After the protests, then-President Shimon Peres issued a condemnation. “Hatred of foreigners contradicts the fundamental principles of Judaism,” he noted. “I am well aware of the difficulties faced by the residents of south Tel Aviv [and other similar areas], but violence is not the solution.”

After the protests, the government began an effort to remove asylum seekers from city centers. The Knesset amended Israel’s anti-infiltration law, permitting imprisonment of infiltrators for up to three years without trial. Although Israel’s Supreme Court struck down parts of the amendment in 2013, it allowed placing asylum seekers in open detention centers. This gave birth to Holot.

Human rights advocates claim that the de facto incarceration of refugees is a violation of human rights. “The government initiated just another prison, under a laundered name,” stated Knesset member Dov Khenin of the Hadash party.

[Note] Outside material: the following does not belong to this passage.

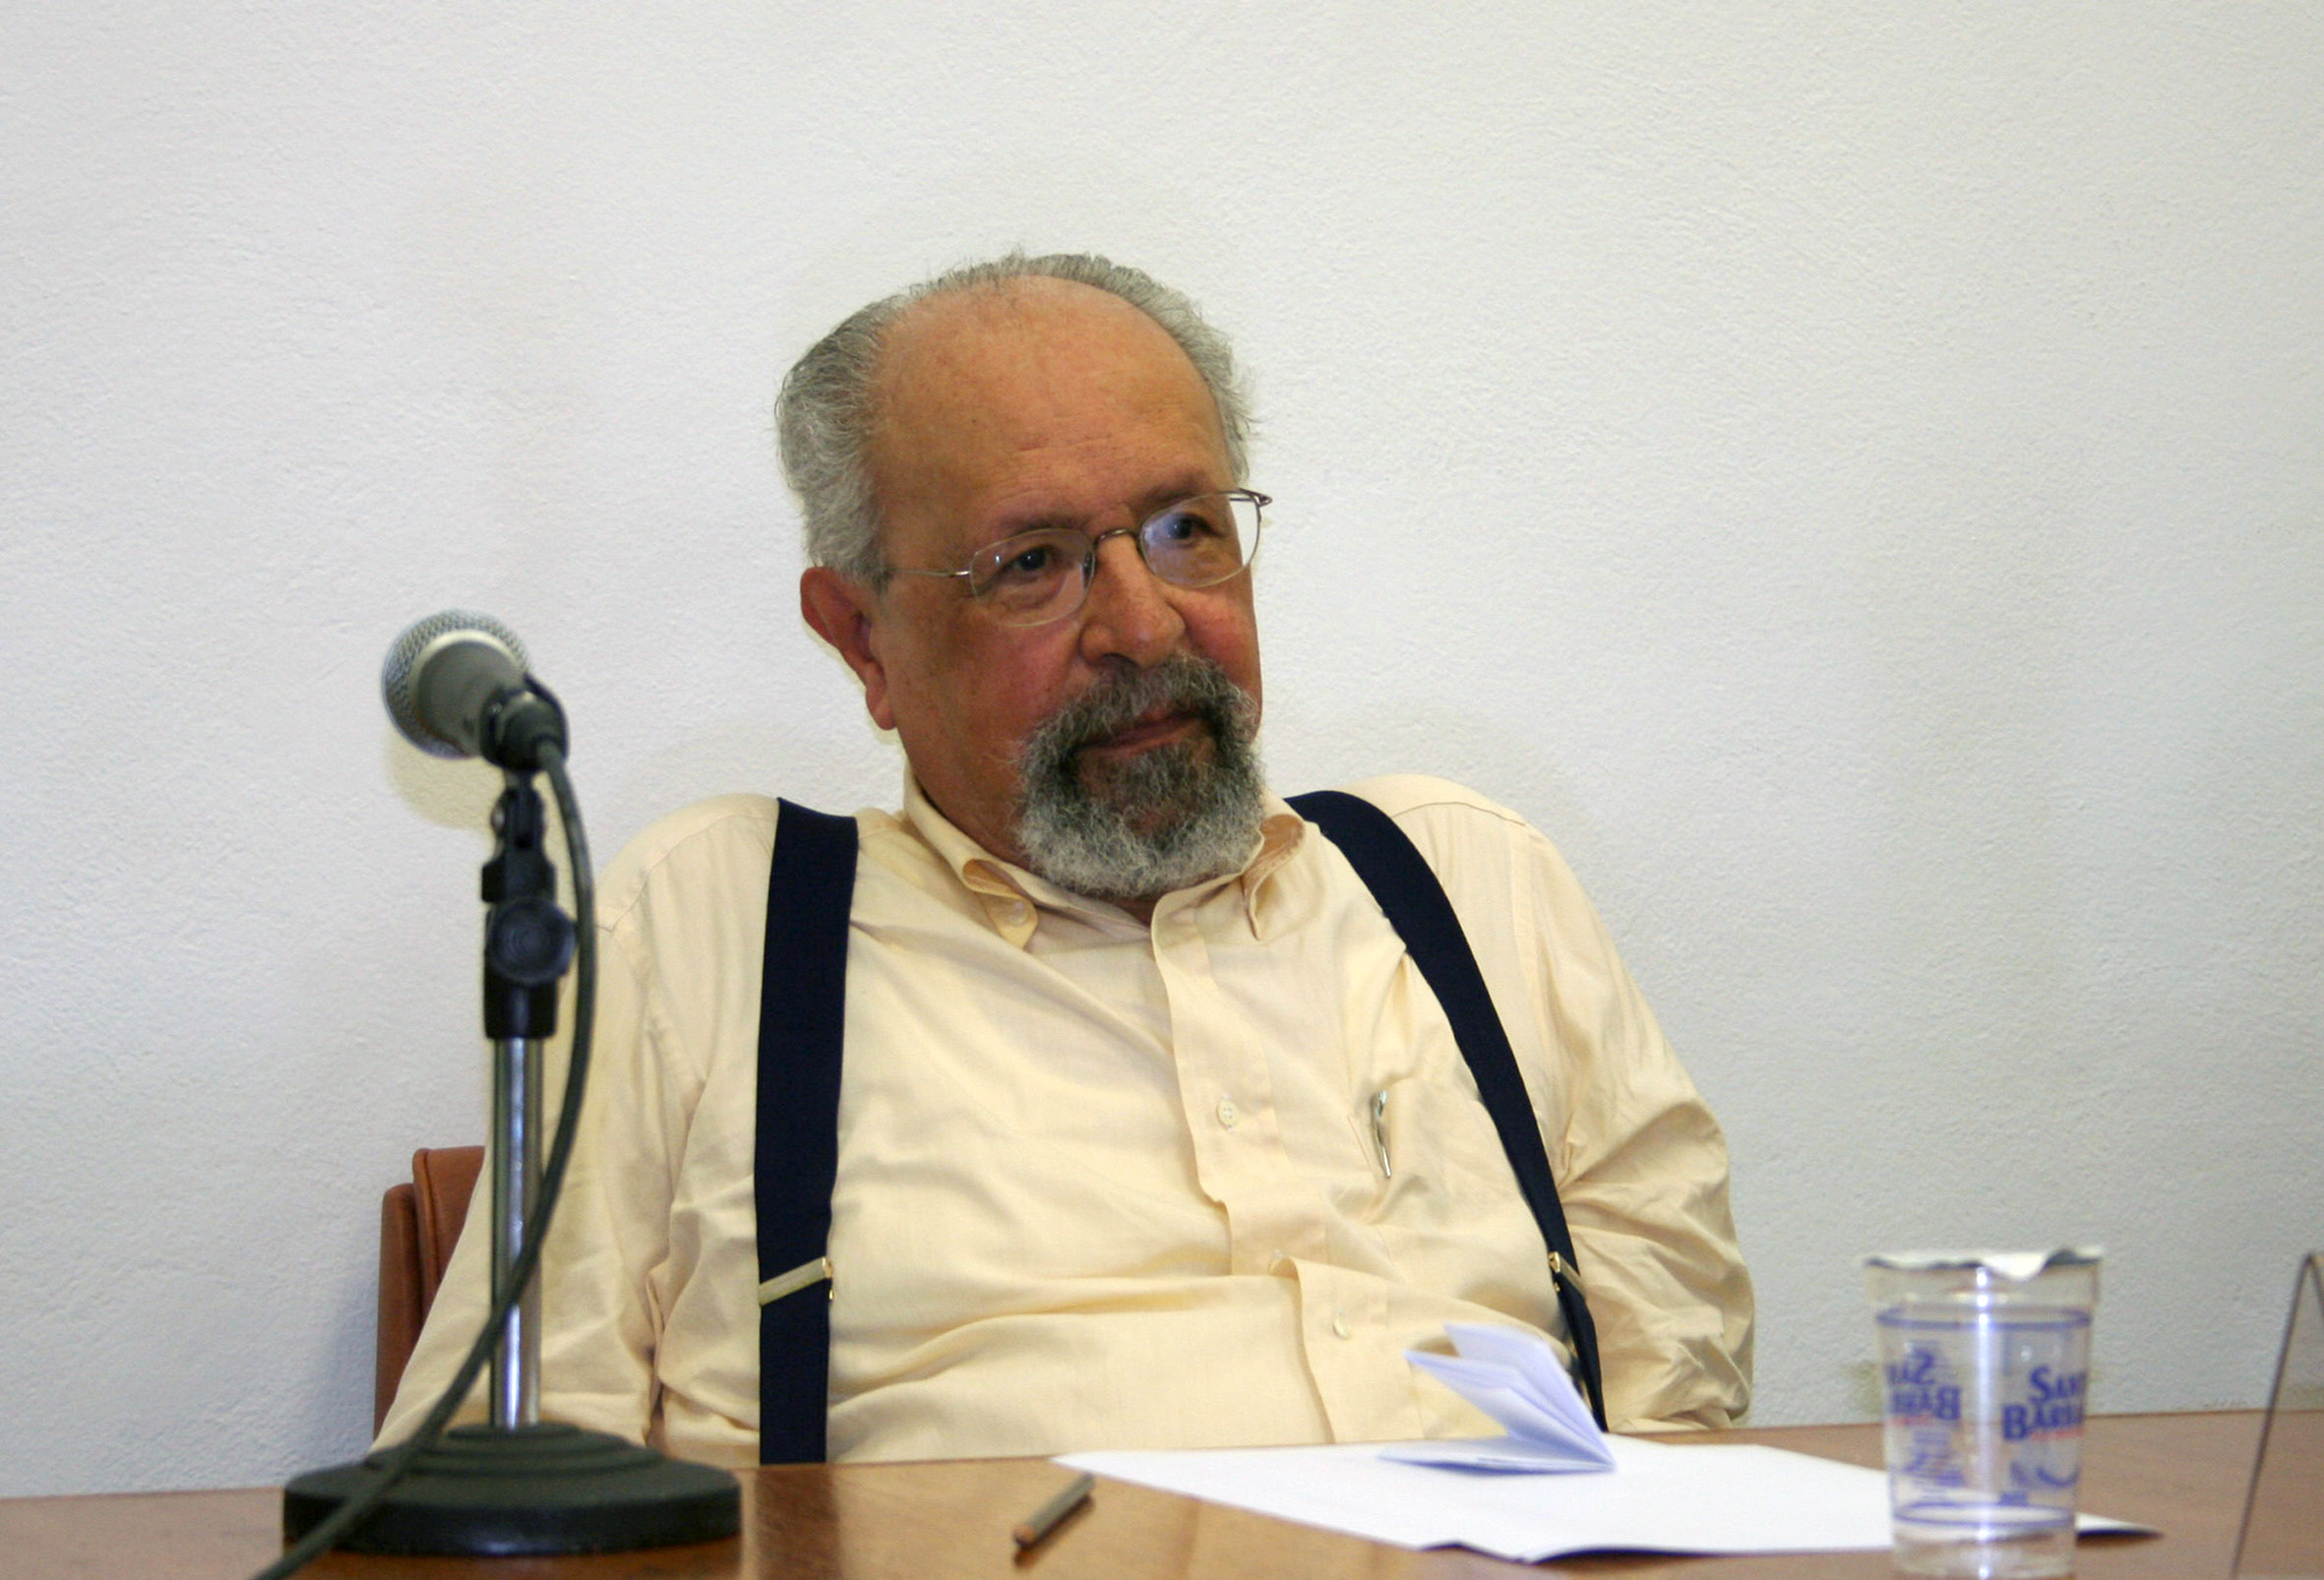 Oliveiros Ferreira

In January, more than 100 asylum seekers left Holot and marched in protest to Beersheva and later to Tel Aviv, sparking a wave of high-profile protests by asylum seekers and Israeli citizens that continue today.

This summer, in response to what they considered to be harsh new policies enacted at the Holot facility, asylum seekers went on a work stoppage, and eventually a hunger strike. And earlier this month, human rights groups charged that thousands of Sudanese migrants have returned to their country, in what they say amounts to a forced repatriation. Israel vigorously denies the charge, saying the majority of the asylum seekers are not refugees but are coming to the country for economic reasons and were not forced to leave Israel; Israeli officials say they do, however, encourage repatriation to a third country.

Prime Minister Benjamin Netanyahu insists that the infiltrator law will be enforced. “Just as we are determined to protect our borders, we’re determined to enforce the law,” he said. “The law is the law, and naturally it also applies to illegal workers. The infiltrators who were transferred to the special detainment facility can either stay there or go back to their home countries.”